40 years ago, a gay couple applied for a marriage license. She approved it.

In June, the U.S. Supreme Court made history when it ruled that gay and lesbian couples should be allowed to marry.

Ever since, getting married has been as simple as heading on down to the local county clerk's office, filling out a bit of paperwork, and picking up your license — or rather, that's how it's supposed to be.

However, as recently as this week, more than two months after the ruling, a Kentucky county clerk has been denying couples marriage licenses on the grounds that it goes against her personal religious beliefs. Even after being rebuked once again by the Supreme Court, she kept fighting on.

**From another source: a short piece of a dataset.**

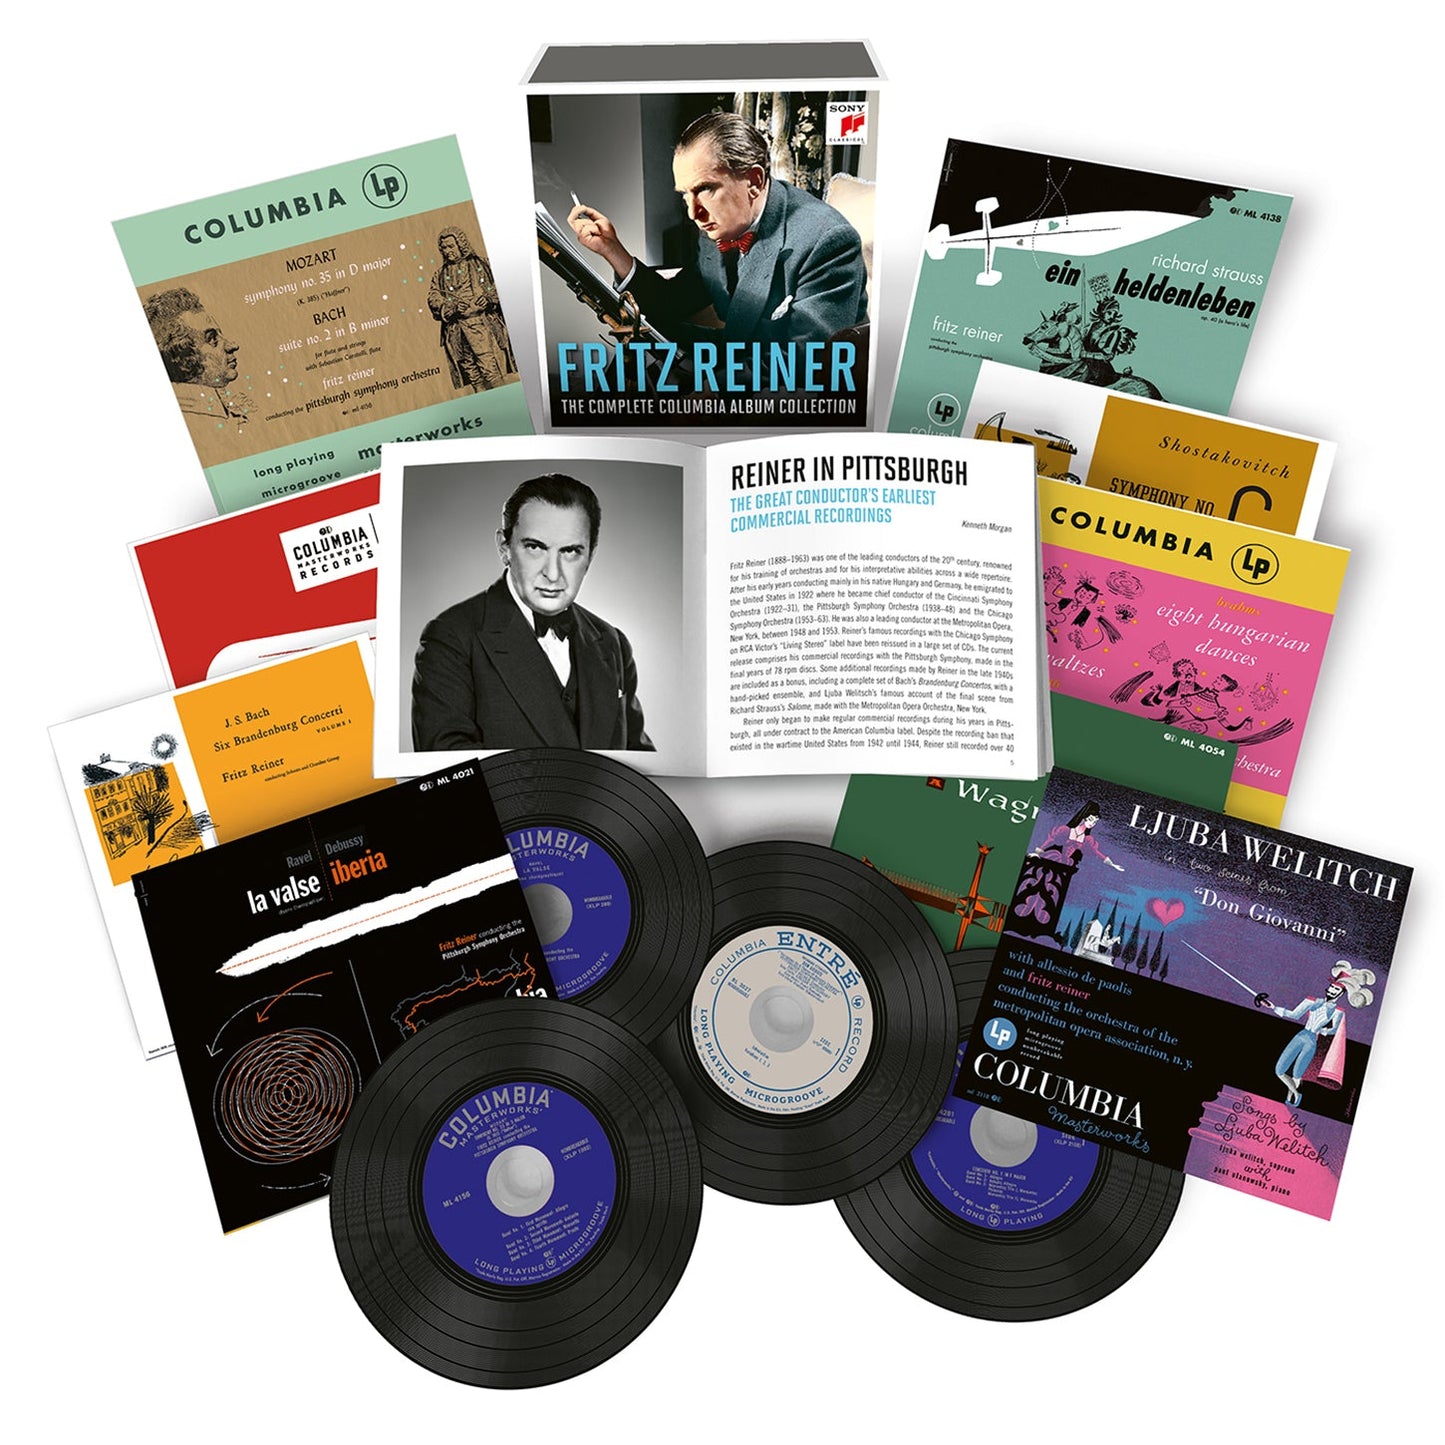 Fritz Reiner – The Complete Columbia Album Collection [14 CDs]

It seems like folks like her might be giving clerks a bad name. So instead, let's focus on one of LGBTQ history's unsung heroes: former Boulder County Clerk Clela Rorex.

All photos from Independent Lens.

In 1975, Rorex was serving as the Boulder County clerk when two men asked about applying for a marriage license.

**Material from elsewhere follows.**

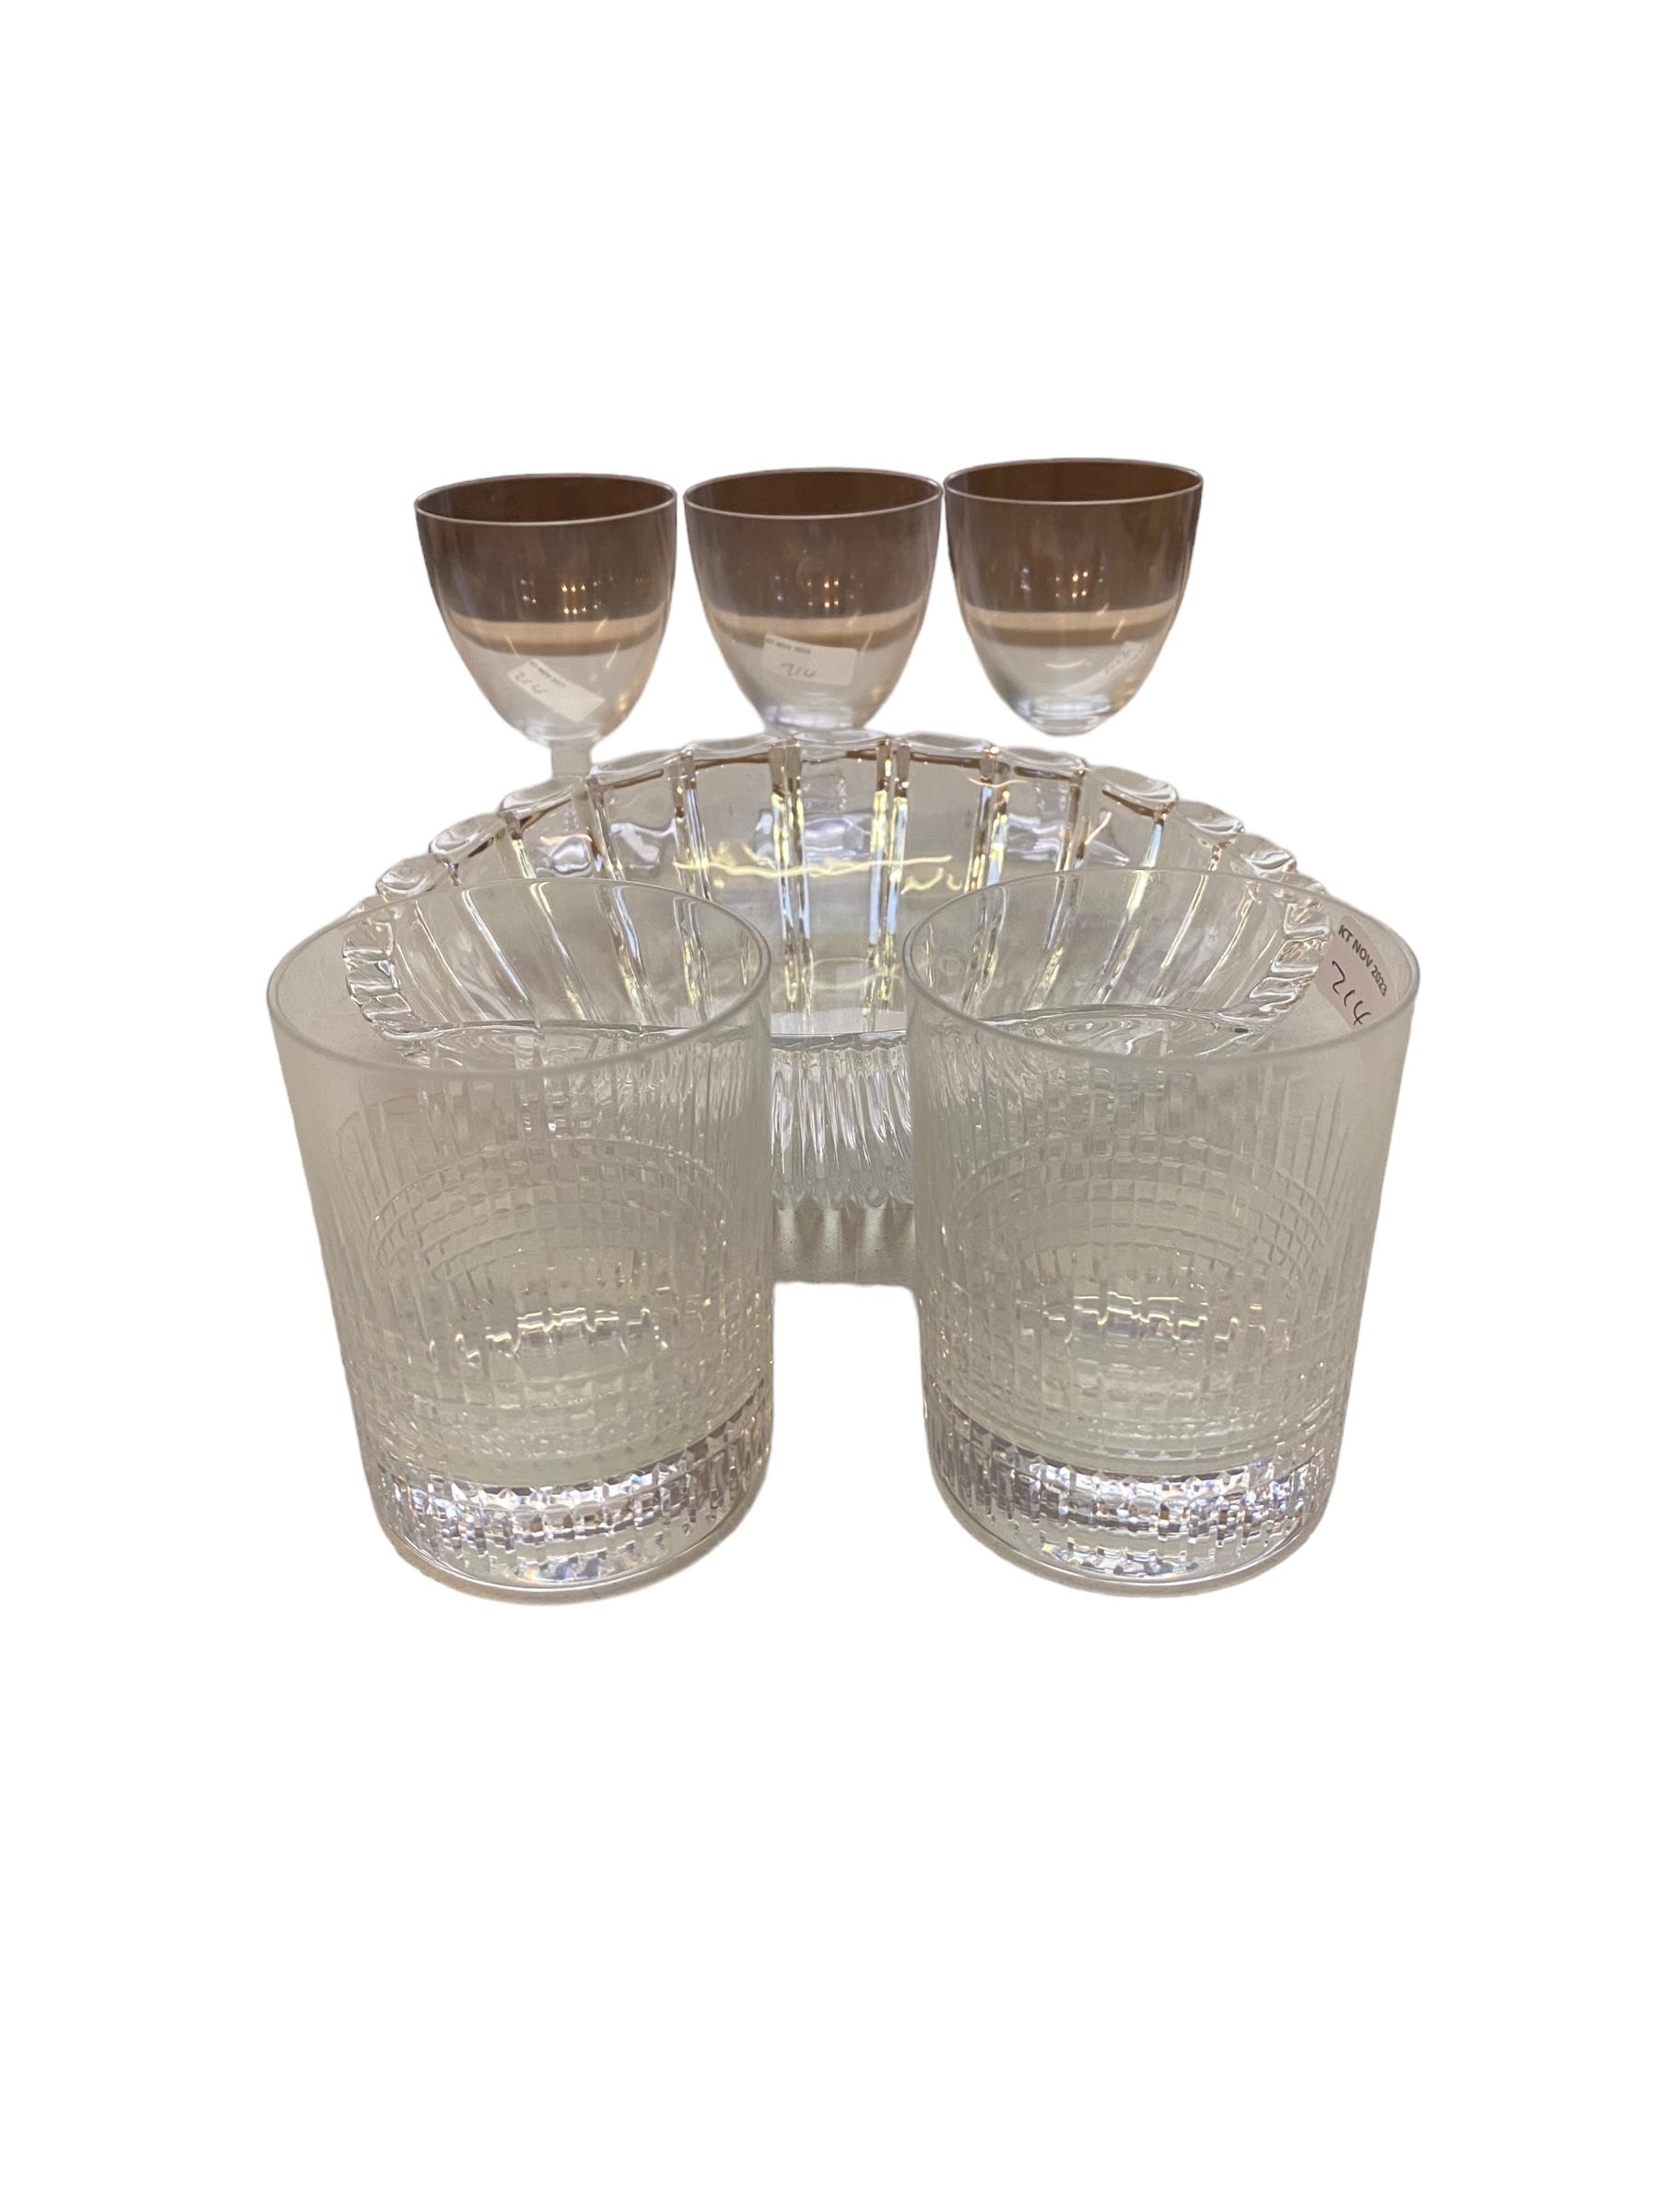 Pair of Baccarat tumblers, 3 Lalique wine glasses with square bases and a scallop dish

Rorex was just three months into her term as clerk, but she was about to make a judgment call that would ring throughout history.

In 2014, Rorex stopped by StoryCorps to explain her response to the then unusual request.

"The couple came in; they asked for a marriage license. It's the first time I met openly gay people. I said, 'I don't know if I can do this.' At that point, I went to the district attorney, and he said the Colorado marriage code did not specify that marriage had to be between a man and a woman. And therefore I did it."

After issuing that license (and licenses for five other same-sex couples), Rorex faced intense backlash.

As it turns out, the idea of gay folks having the same rights as their straight counterparts didn't fare too well 40 years ago. Shocking, I know.

Her decision to issue a marriage license to the couple got national attention and was featured in the The New York Times.

Rorex received angry letters, newspapers printed harsh articles about her, and people even harassed her family.

"I honestly did not anticipate the degree of hate," says Rorex. "It was threats — people needed to kill me for doing this and that kind of stuff. And I had entire church congregations writing me that it would be Sodom and Gomorrah in the area."

"Thank goodness I made that decision because it would be so hard for me to look myself in the mirror today if I had not made the decision then." — Clela Rorex

Keep in mind that this was the type of treatment a straight woman was receiving simply for following the law to its letter. It's scary — though not entirely surprising — that newspapers seemed content to print things like "the penalty for homosexual acts is death" in its letters to the editor.

Ultimately, and unfortunately, Colorado's attorney general voided the six same-sex marriages.

Even so, there's something to be said about being on the right side of history. Rorex didn't finish her term as clerk, and the marriages ultimately weren't valid in the eyes of the law, but generations to come would prove her right.

"I just was this young woman in this place at this point in time," she says. "And thank goodness I made that decision because it would be so hard for me to look myself in the mirror today if I had not made the decision then."